▸ **Provided data**
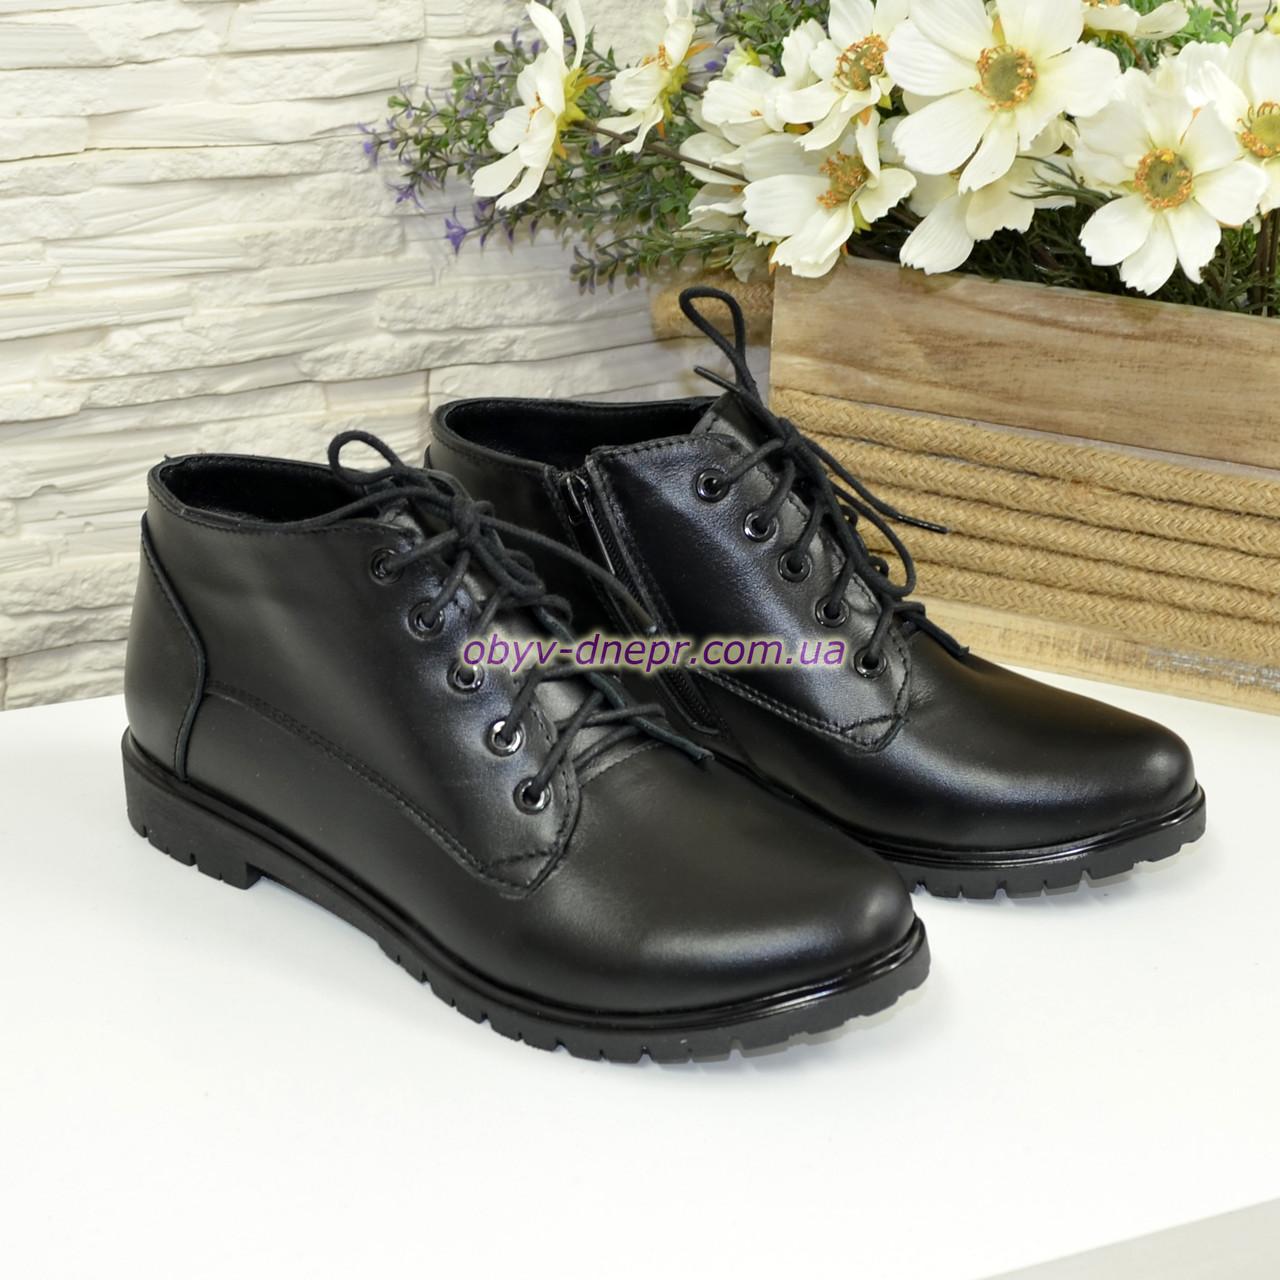 Ботинки женские кожаные на шнурках, внутри на байке.
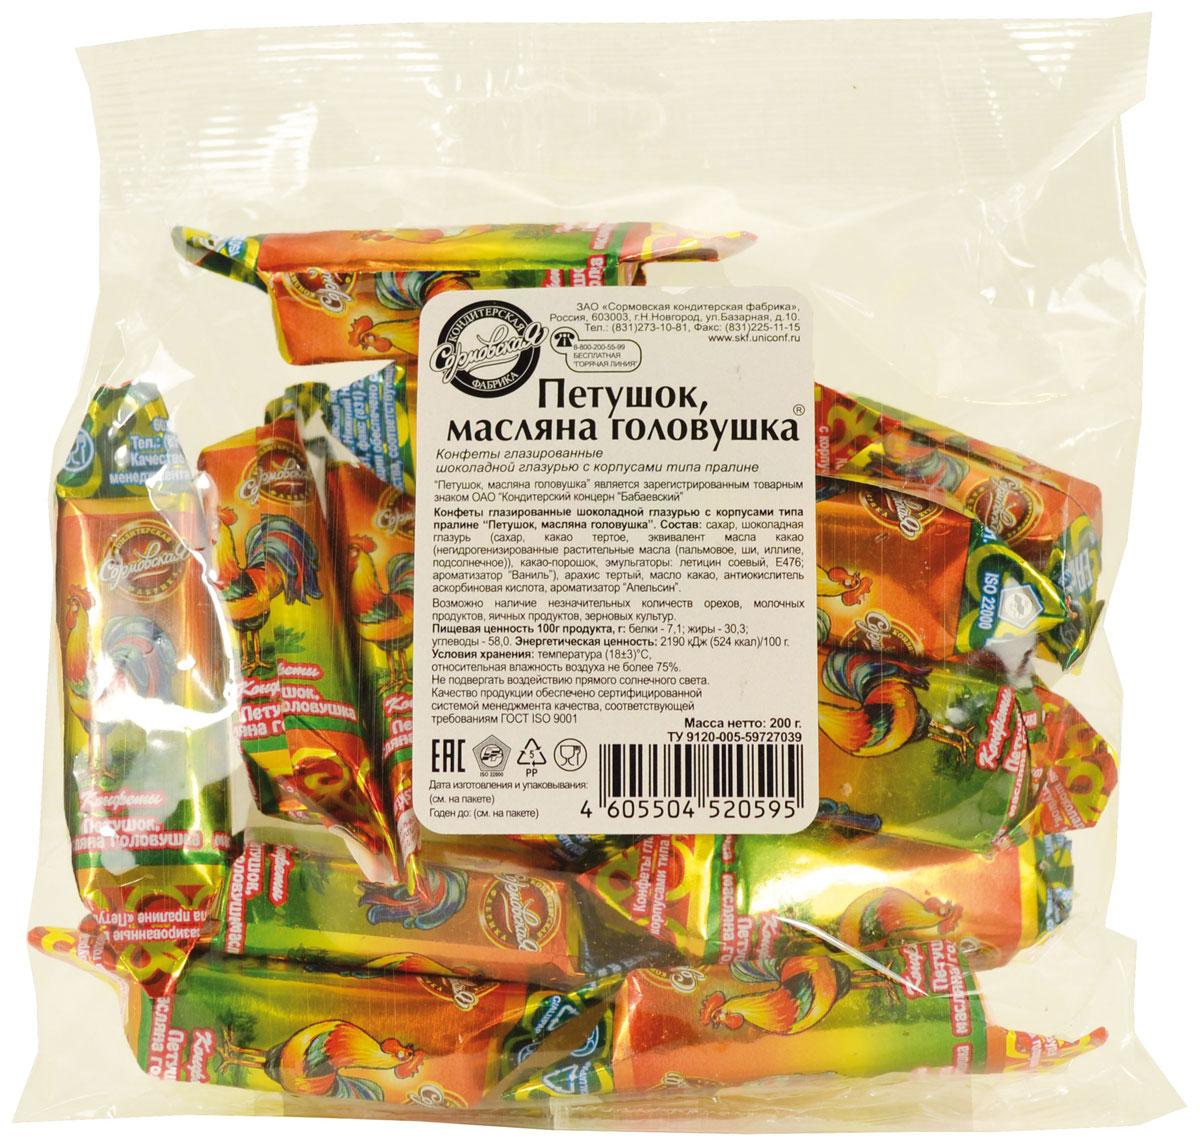 Петушок масляна головушка конфеты, 200 гКО04272Классические конфеты на основе жареного арахиса с апельсиновым ароматом, глазированные шоколадной глазурью.
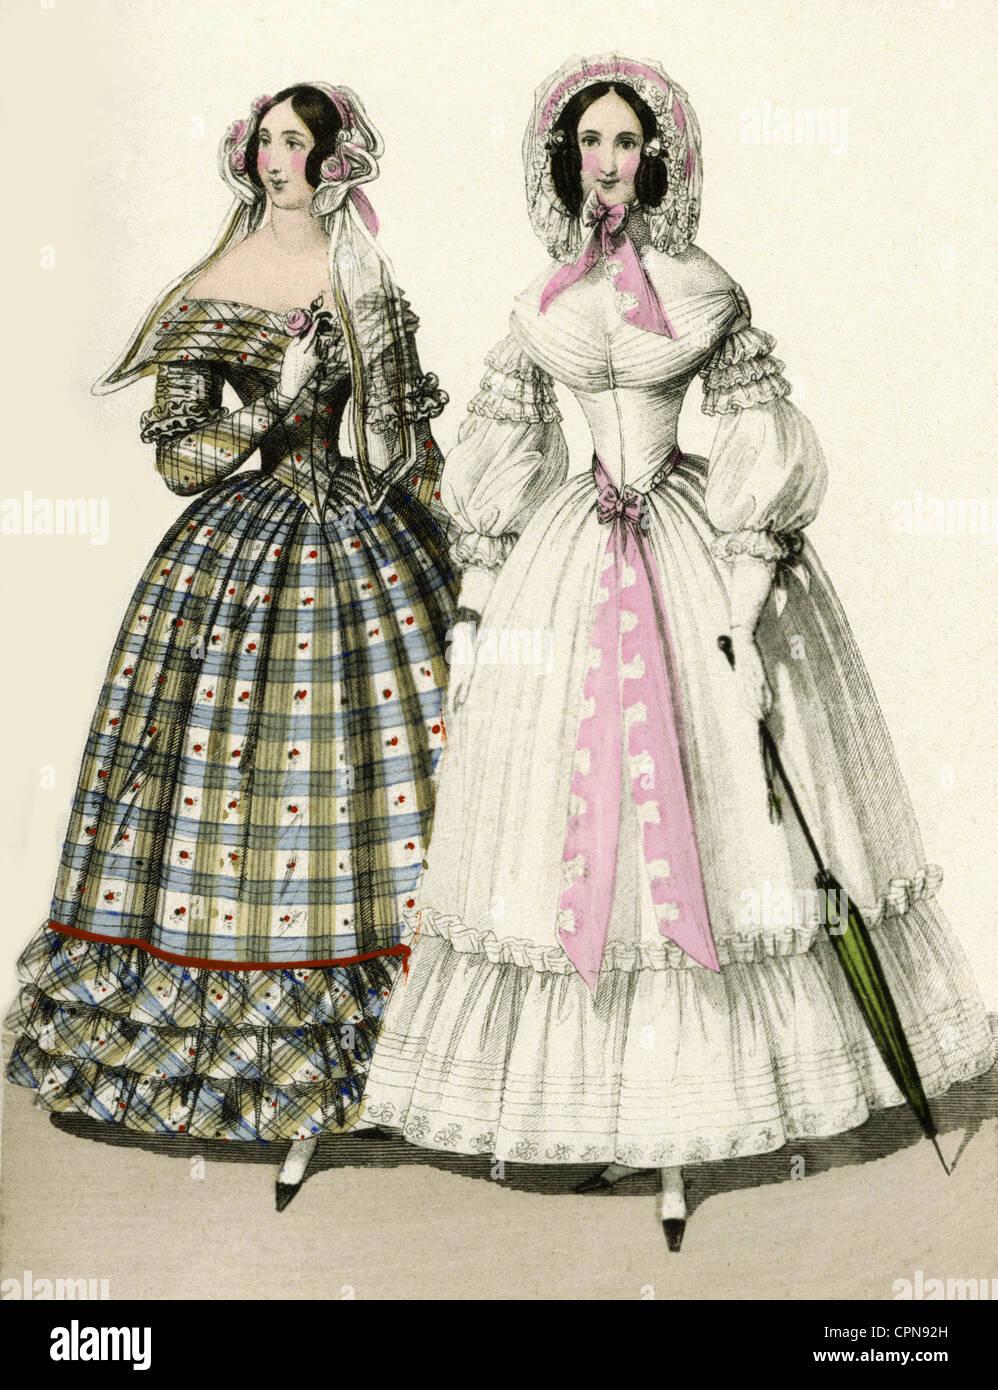 Fashion, Ladies' Fashion, Biedermeier, Two Women
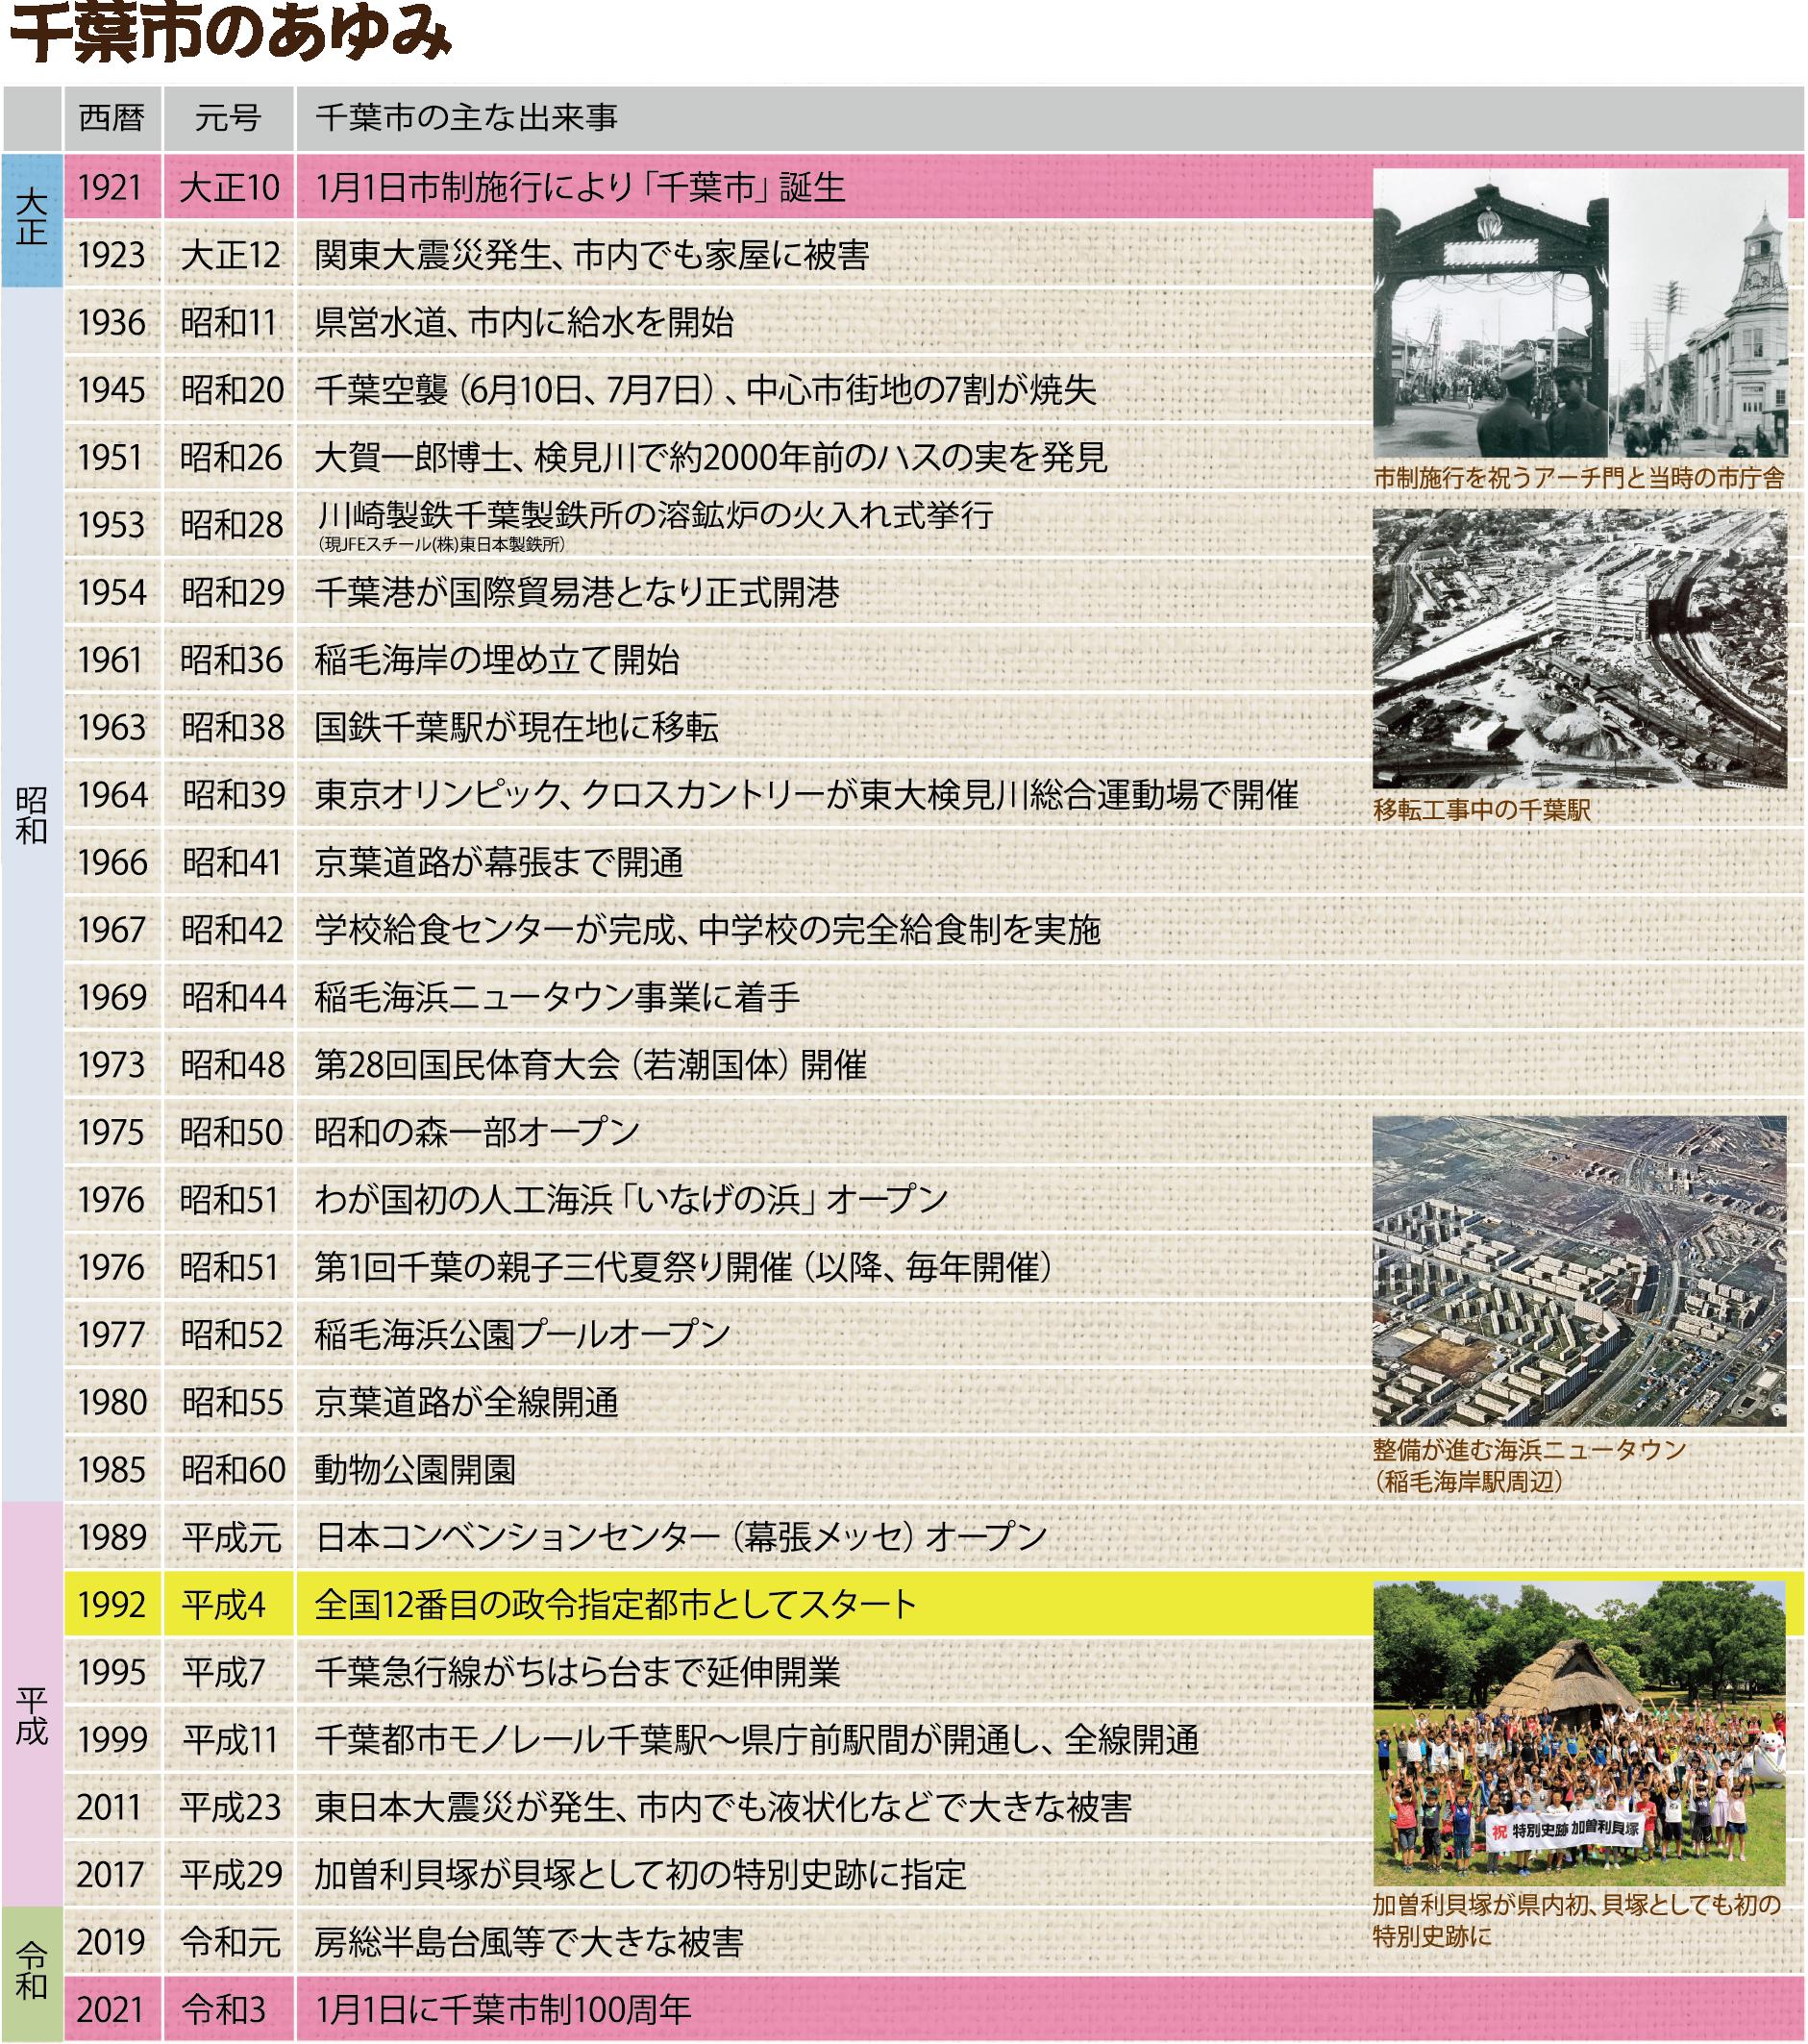 千葉市政100周年04

▸ **Exercise details**
Reproduce the lines above exactly, image-free.

▸ **Expected output**
 Ботинки женские кожаные на шнурках, внутри на байке.
 Петушок масляна головушка конфеты, 200 гКО04272Классические конфеты на основе жареного арахиса с апельсиновым ароматом, глазированные шоколадной глазурью.
 Fashion, Ladies' Fashion, Biedermeier, Two Women
 千葉市政100周年04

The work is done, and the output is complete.